# keeping a wheezing, dying rat comfortable



## jeffanie96 (Mar 15, 2010)

i bought lucy 3 years ago from petco, so for her to still be around is a miracle. she's had mycoplasma twice and an ear infection that resulted in a permanent head tilt. otherwise, she's been in good health. 

the past few days she's been breathing more heavily and her fur has been puffed up. yesterday she started panting and wheezing. today she can't stand up, even rolled over on her back at one point. we can't afford a vet, but what can i do to keep her comfortable? she's been sitting in urine so i change the fleece at her spot twice a day, but i'm wondering about wiping her with a damp cloth so she can breathe fresh air, or would that be too traumatic? she does not want to go in her cage but stay out with me and my husband. her cagemates have been taking care of her though.

would putting her in a steamy bathroom be better or worse for the wheezing? 

we put a humidifier near her cage last night. 

she won't eat, drank a little bit of cranberry juice from a spoon, but that's it. 

i know we don't like saying it, but we all have a favorite rat. she knows her name, spins on command, knows the names of the 6 colors, and is selflessly sweet. 

any other ideas are welcome. 

steph


----------



## AMJ087 (Aug 27, 2008)

well first i will ask...did you go to the vet yet? Thats would be number one.

Next steamy bathrooms can help so do that as much as you can. Also make sure to keep her warm. Use a rice sack or those round things you can microwave (cant think of what they are called) or whatever else will work for you. Have you tried feeding baby food?


----------



## olddeadpig (Jan 6, 2010)

Washing her with a damp cloth is not likely to cause any pain, and I'm sure she would appreciate not being caked in urine.

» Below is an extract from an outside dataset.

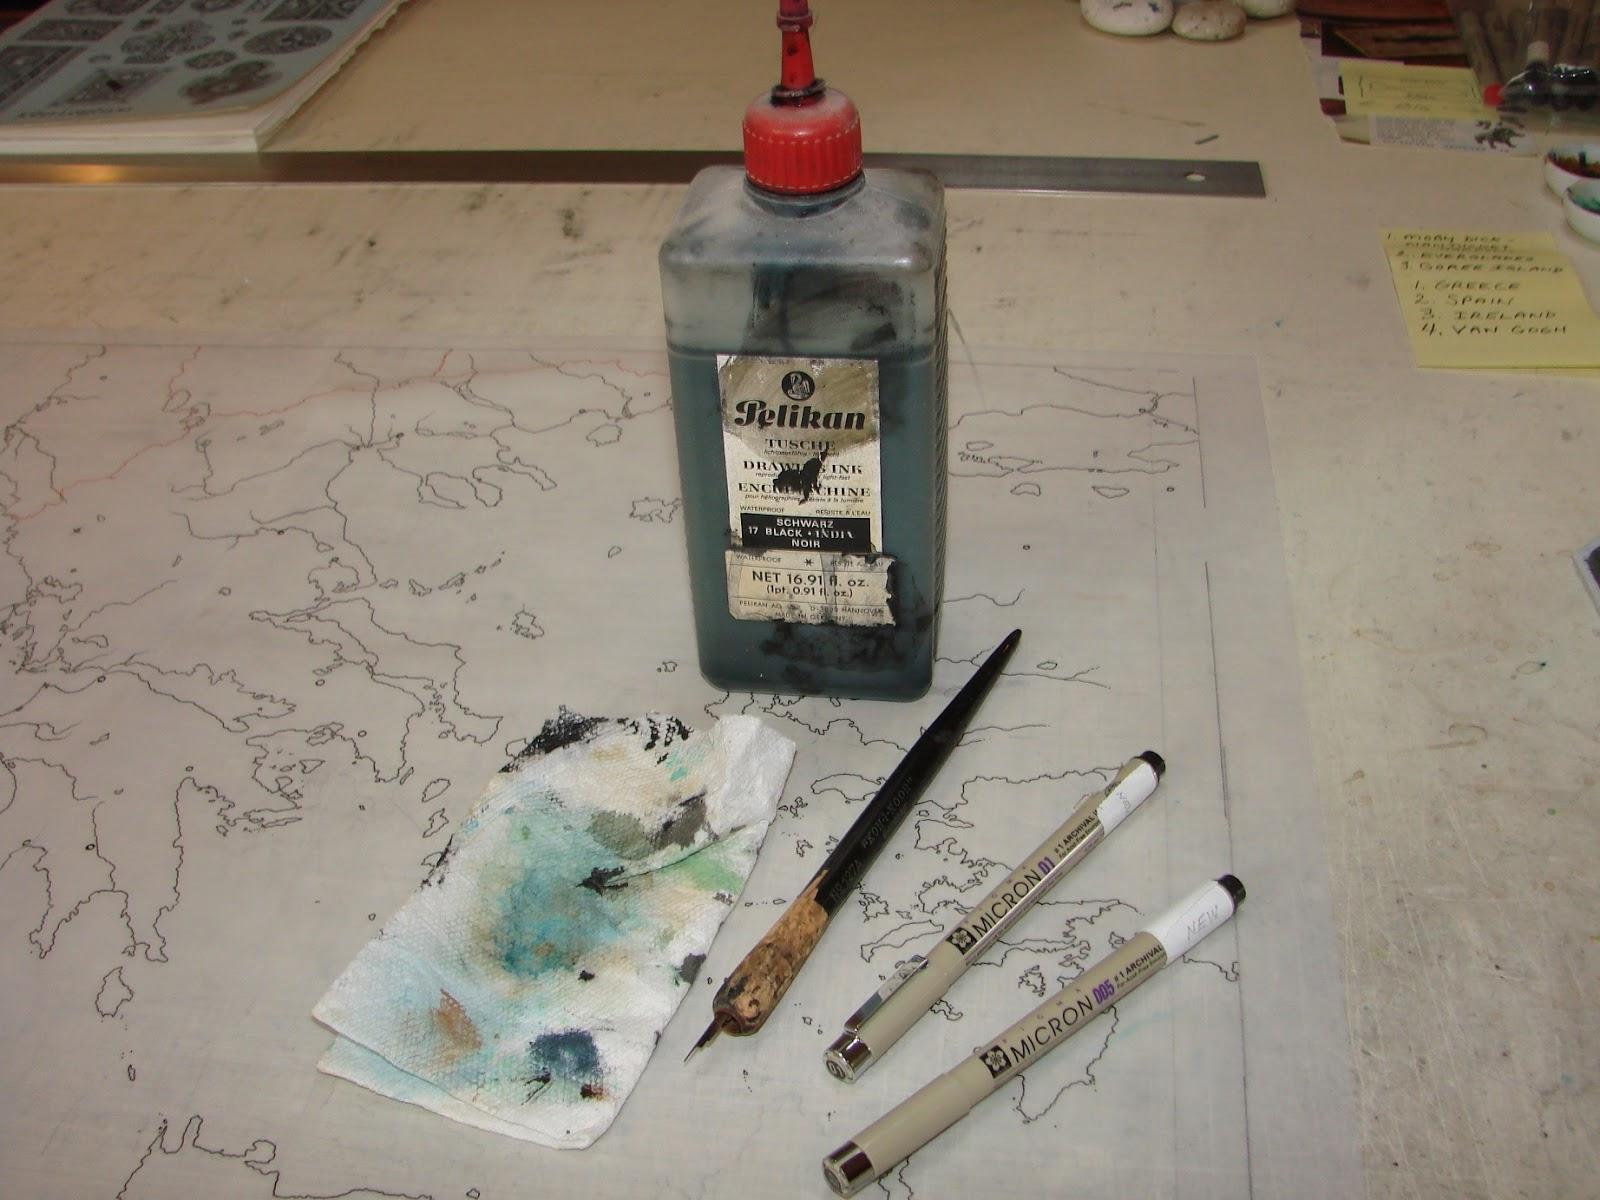 http://3.bp.blogspot.com/-aBYiMRfn3qo/UREHKOvmEII/AAAAAAAAHJQ/oniBP508KGw/s1600/Mike+Reagan+Studio+Pens+&+ink.jpg

I have washed rats without any problems before - I would only use warm water though, no soap as it might irritate her skin. 

For warmth, you can use an old sock filled with uncooked rice grains, tied up at the open end with string. She won't have the energy to chew it to bits at the moment. Microwave it for 30 seconds, leave it for 10 seconds then test it to see if it's warm. If it's too hot, just let it cool a bit, then when it's ready, put it next to her. The warmth doesn't last very long so you may want to re-do it every so often.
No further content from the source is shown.